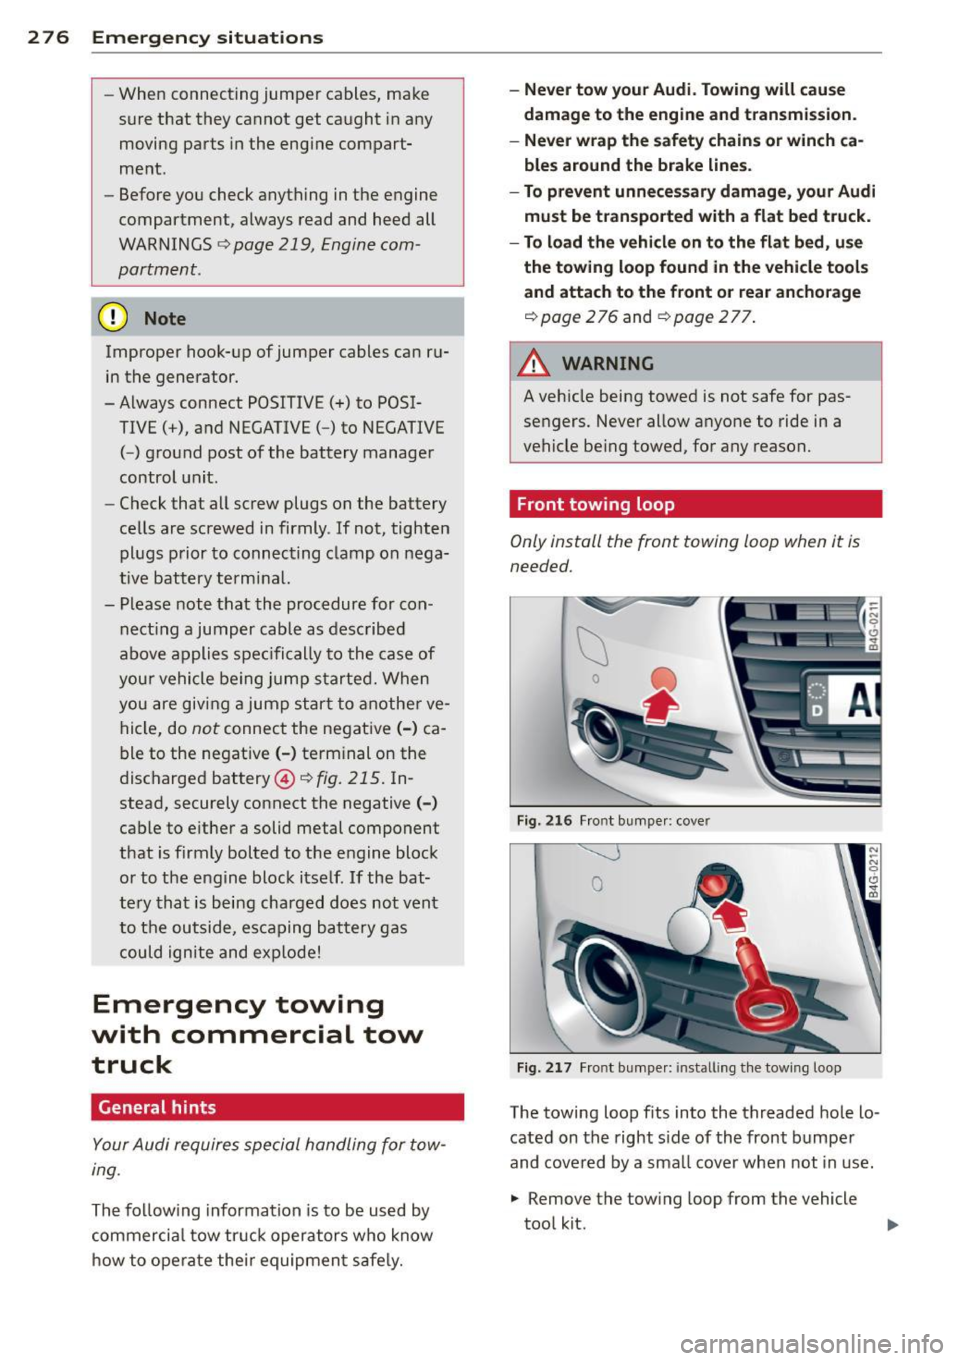 AUDI S6 2013  Owners Manual 2 76  Emergency  situations 
-When  connecting  jumper  cables,  make 
sure  that  they  cannot  get  caught  in any 
moving  parts  in the  engine  compart­
ment. 
- Before  you  check  anything  in
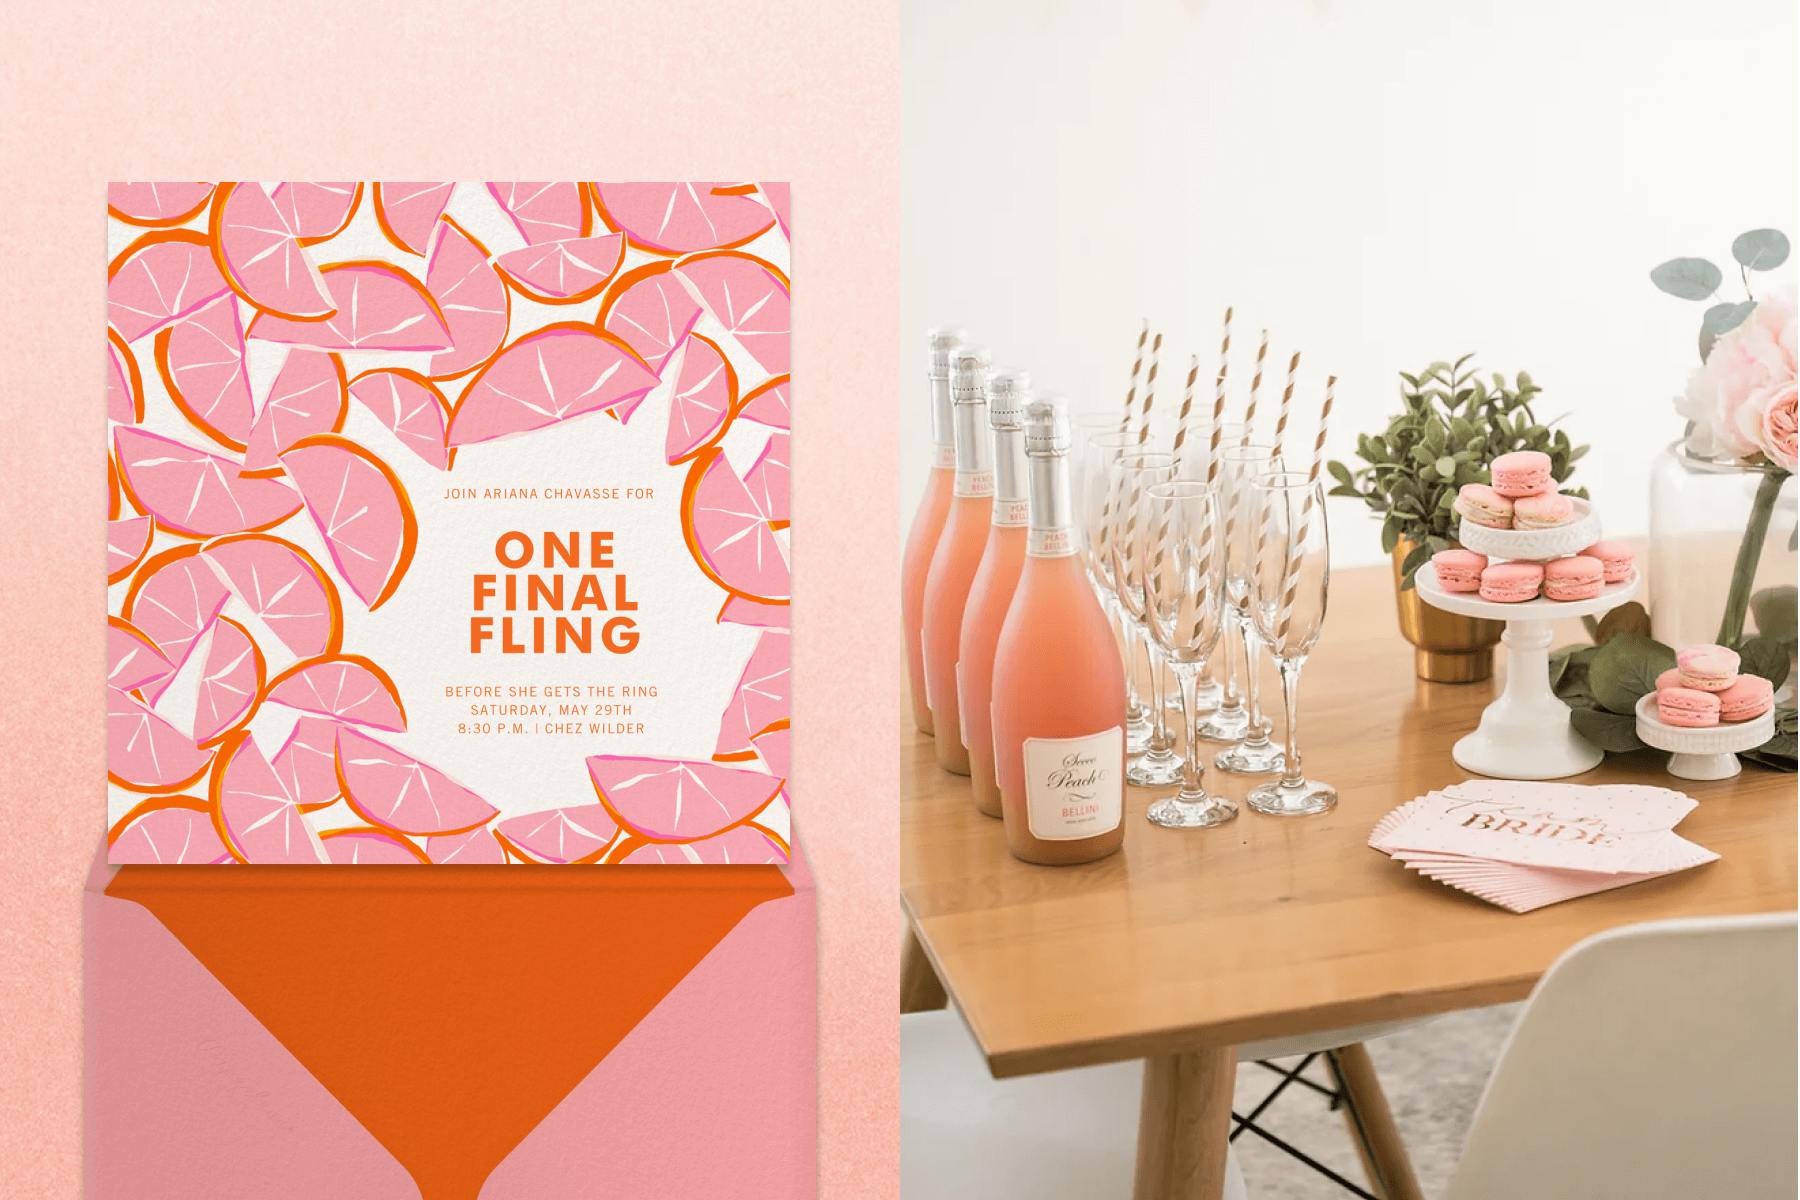 Left: An invitation for “One Final Fling” with overlapping illustrated citrus fruit pieces in pink and orange. Right: A wooden table is ready for a bachelorette party with bottles of pink wine, glasses with straws, “team bride” napkins, and pink macarons.
* * *
TASK REQUIREMENTS: A faithful copy of all the records is required, with the pictures left out.

ANSWER TO THIS EXERCISE:
 AUDI S6 2013  Owners Manual 2 76  Emergency  situations 
-When  connecting  jumper  cables,  make 
sure  that  they  cannot  get  caught  in any 
moving  parts  in the  engine  compart­
ment. 
- Before  you  check  anything  in
 Left: An invitation for “One Final Fling” with overlapping illustrated citrus fruit pieces in pink and orange. Right: A wooden table is ready for a bachelorette party with bottles of pink wine, glasses with straws, “team bride” napkins, and pink macarons.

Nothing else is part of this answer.